So I'm, trying to prove that a cell complex is Hausdorff. I've looked at a few proofs (namely that of Hatcher's algebraic topology) but a lot of them prove instead that a cell complex is normal. I just want to do the most basic and working from the definitions so I can understand it, but there are a lot of things I'm not comfortable with just yet that I wanted to clear up. So I defined a cell complex as a union of $X^n$ where
$$X^n = \{X^{n-1} \sqcup (\sqcup_\alpha D_{\alpha}^{n})\}/ \sim$$
where $\sim$ represents the relation $s \sim f_{\alpha}^n(s)$ where $ s \in \partial D_{\alpha}^n$ and $f_{\alpha}^n: \partial D_{\alpha}^n \to X^n$ is the attaching map of the $\alpha$-th n- cell.
Now I know that there is this quotient map $q: \{X^{n-1} \sqcup (\sqcup_\alpha D_{\alpha}^{n})\} \to \{X^{n-1} \sqcup (\sqcup_\alpha D_{\alpha}^{n})\}/ \sim $ and from what I understand about quotient spaces a set $U \subset \{X^{n-1} \sqcup (\sqcup_\alpha D_{\alpha}^{n})\}/ \sim $ is open if and only if $U$ is open in $\{X^{n-1} \sqcup (\sqcup_\alpha D_{\alpha}^{n})\} $. Now I'm sort of having trouble seeing what an open set in $\{X^{n-1} \sqcup (\sqcup_\alpha D_{\alpha}^{n})\} $ looks like.

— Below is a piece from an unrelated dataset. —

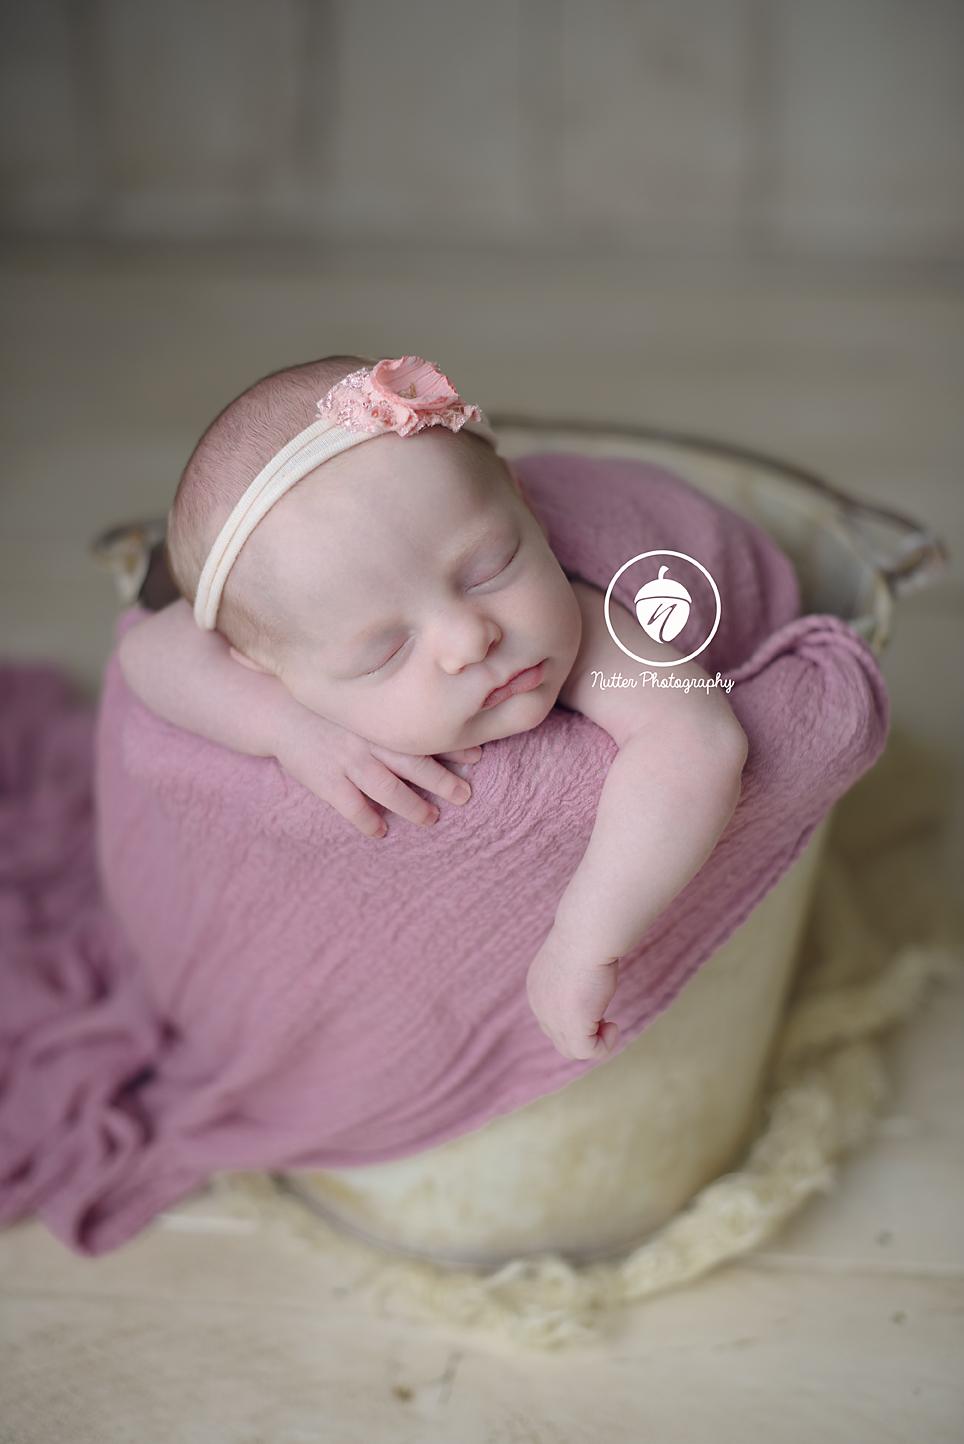 Baby girl in Bucket pose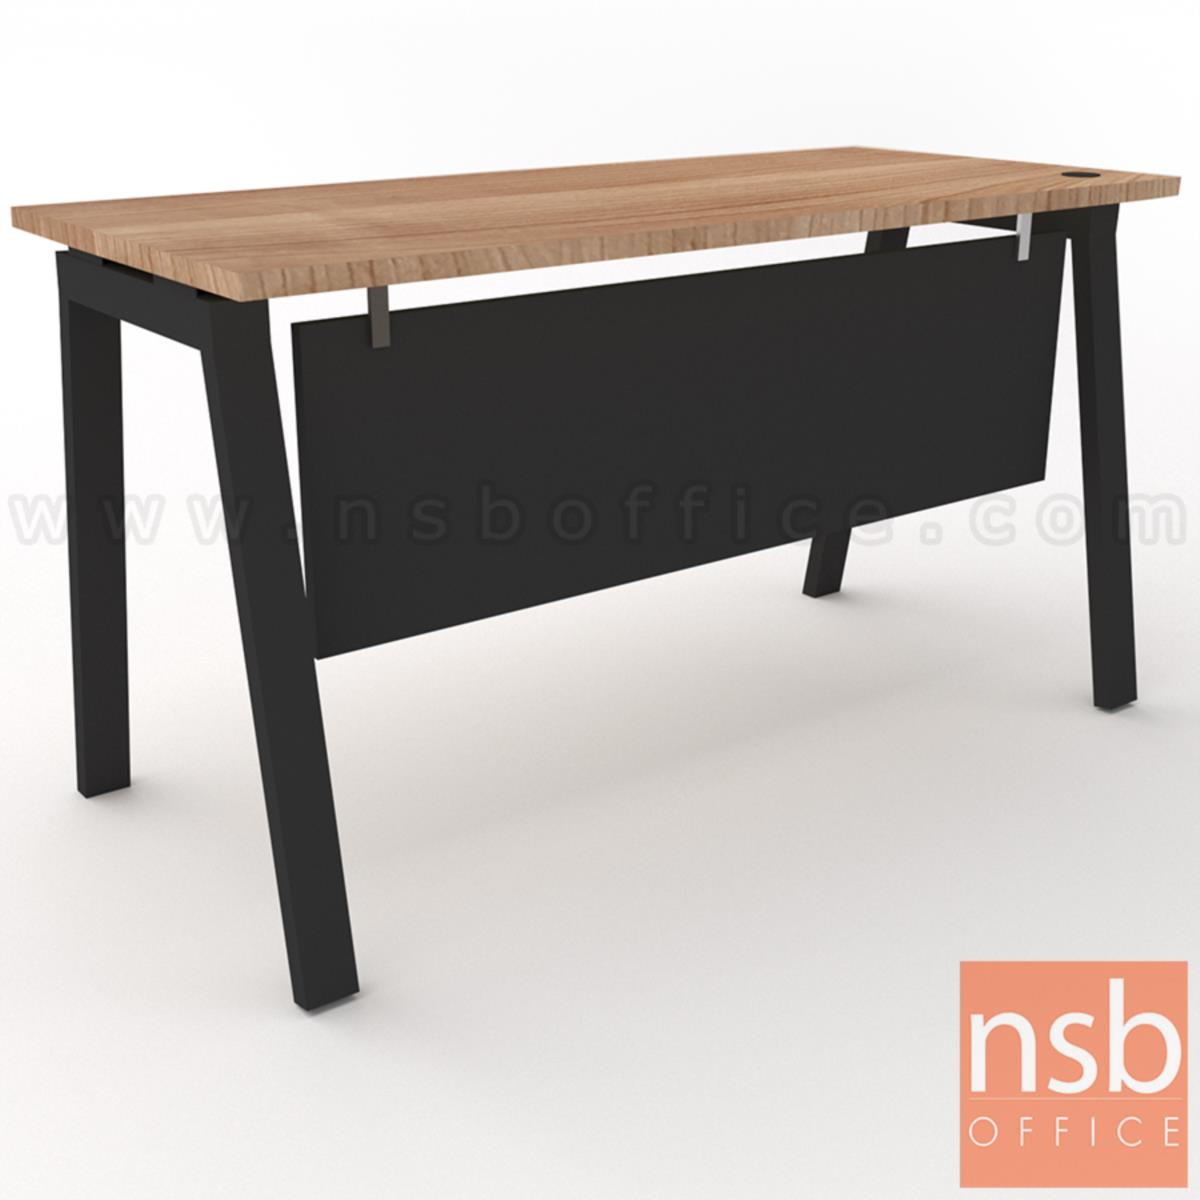 A10A101:โต๊ะทำงานทรงสี่เหลี่ยม Slash-1 (สแลช-1) ขนาด 120W, 135W, 150W cm. ขาเหล็ก

I understand that these cell complexes are build recursively. So I was thinking that open in $\{X^{n-1} \sqcup (\sqcup_\alpha D_{\alpha}^{n})\} $ means open in $\{X^{n-2} \sqcup (\sqcup_\alpha D_{\alpha}^{n-1})\} $. But then if you follow this recursively you eventually get back to $X^0$ which is a set of finite points. Which I don't really understand how to define as open, is it the subspace topology on $X$? I'm not sure.
Then I also saw that $X$ has the weak topology where $A \subset X$ is open in $X $ if and only if $A \cap X^n$ open in $X^n$ for all $n$, but then that leads me back to what does an open set in $X^n$ look like.
I also saw that for each attaching map $f_{\alpha}^n$ you have this extension called the characteristic map $\Phi_{\alpha}^n: D_{\alpha}^n \to X$ and I saw that $A \subset X$ is open if and only if $(\Phi_{\alpha}^n)^{-1}(A)$ is open in $D_{\alpha}^n$ for all $\alpha$ and for all $n$. But then what does it mean to be open in $D_{\alpha}^n$, is this the subspace topology on X? And eventually $D_{\alpha}^0$ are a bunch of points (0-cells) so how can something be open in that, even using the subspace topology I cannot see it.
After I understand that I want to show the Hausdorff property by taking $a,b \in X$ and finding some neighborhoods $N_a, N_b$ respectively so that $N_a \cap N_b = \emptyset$. But I am just having trouble understanding what these neighborhoods would look like.
I know this is super long, but I would really like it if somebody could explain it to me, I've been trying to use various texts and online references but I still do not fully understand.